Most prop trading firms will have to join the U.S. Financial Industry Regulatory Authority Inc. (FINRA), and submit to its oversight, under new rules adopted by the U.S. Securities and Exchange Commission (SEC) today.
The new rules will narrow the existing exemption from self-regulatory oversight by requiring that all registered brokers have to join an SRO unless they only trade on one exchange.
Currently, firms can engage in unlimited prop trading without submitting to SRO oversight.
“Some of today’s broker-dealers continue to rely on an exemption from national securities association registration that’s older than the cell phone era.
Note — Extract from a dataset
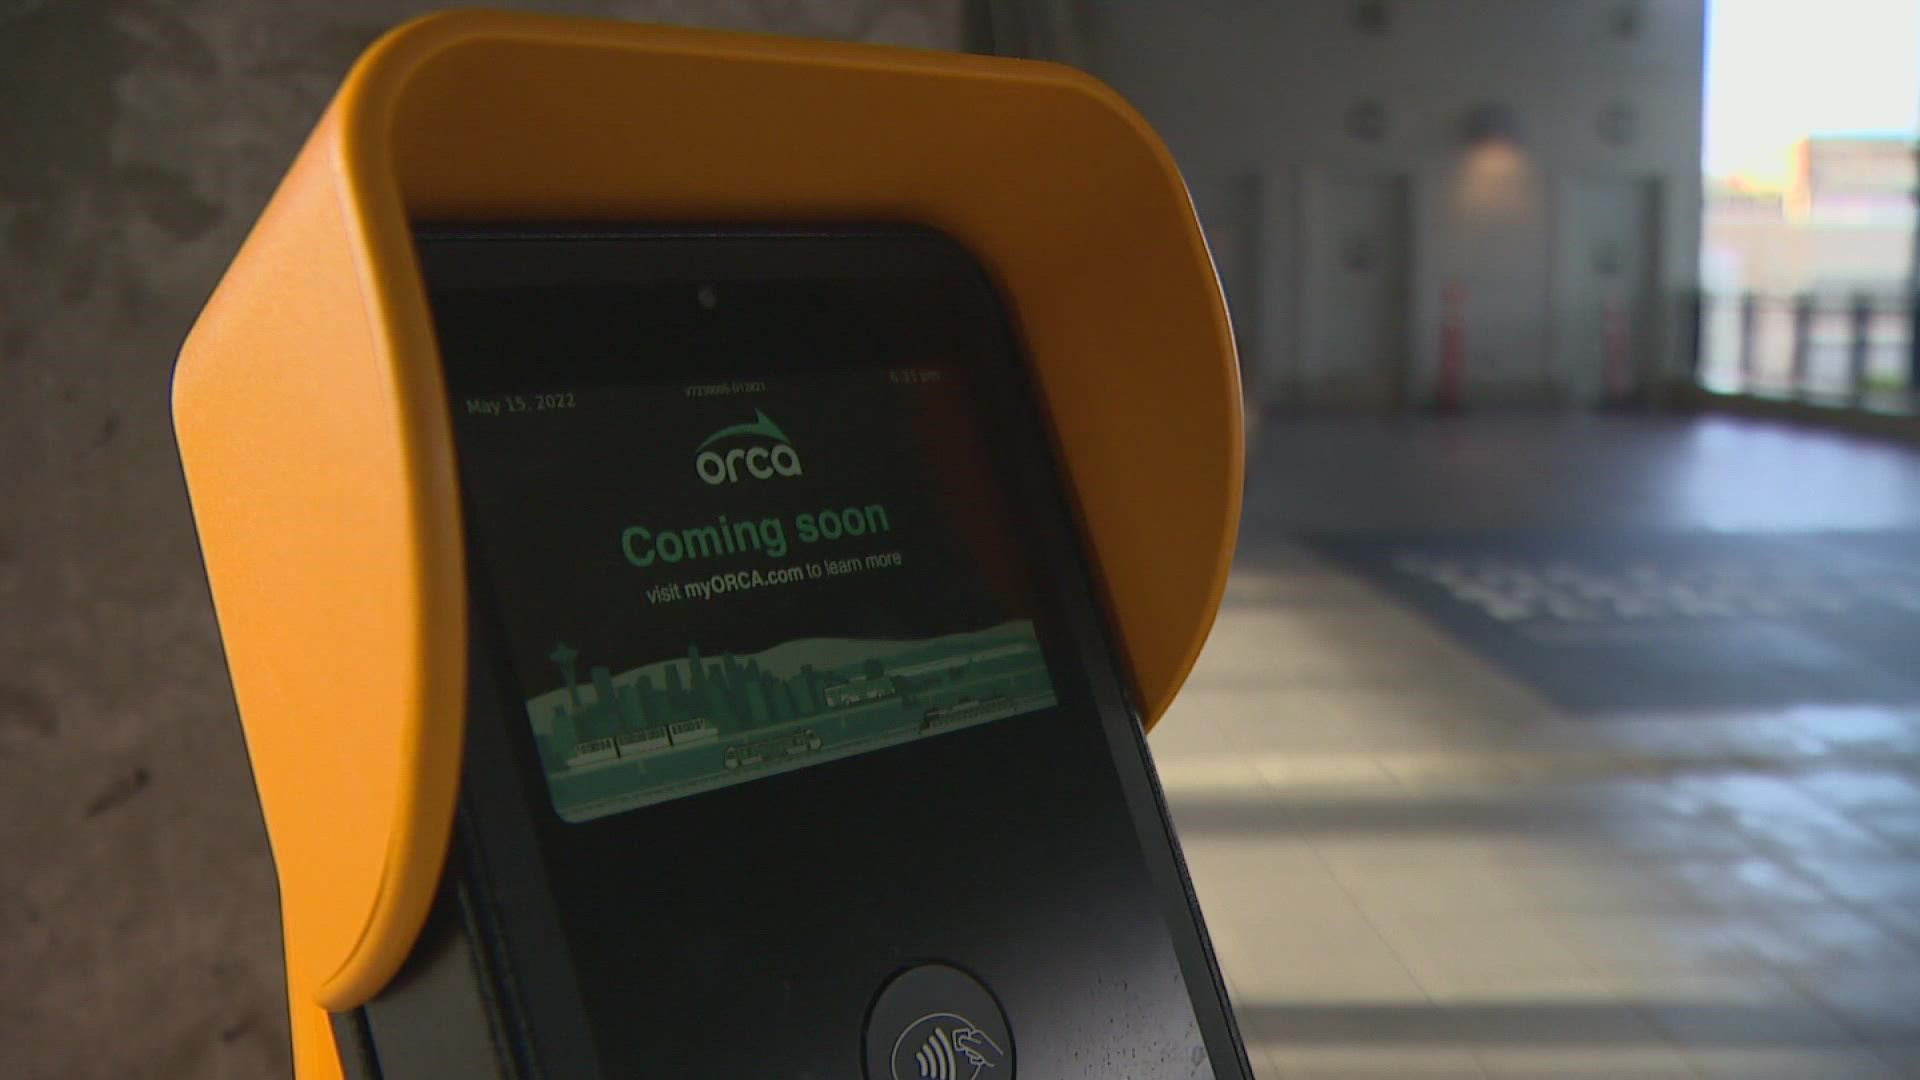 A new ORCA ticketing system launched Monday, aiming to boost ease and efficiency of account management.

This has led to a regulatory gap whereby a number of firms that have cross-market, monthly trading volume valued in the hundreds of billions of dollars are exempt from national securities association oversight,” said SEC chair, Gary Gensler, in a release.
By shrinking that exemption, a greater share of prop trading will face SRO scrutiny, which Gensler said “will help enhance robust and consistent oversight, particularly with regard to cross-market and off-exchange oversight.”
Commissioner Mark Uyeda opposed the new rule, saying it could result in reduced liquidity, and that there’s no compelling justification for expanding FINRA’s jurisdiction.
“Given the lack of evidence supporting this mandatory extension of FINRA membership, coupled with the clear potential for the unintended negative consequence of a reduction in liquidity, I am unable to support it,” he said in a statement.
The new requirements will take effect 60 days after the final rule is published in the Federal Register. Firms will then have a year to comply.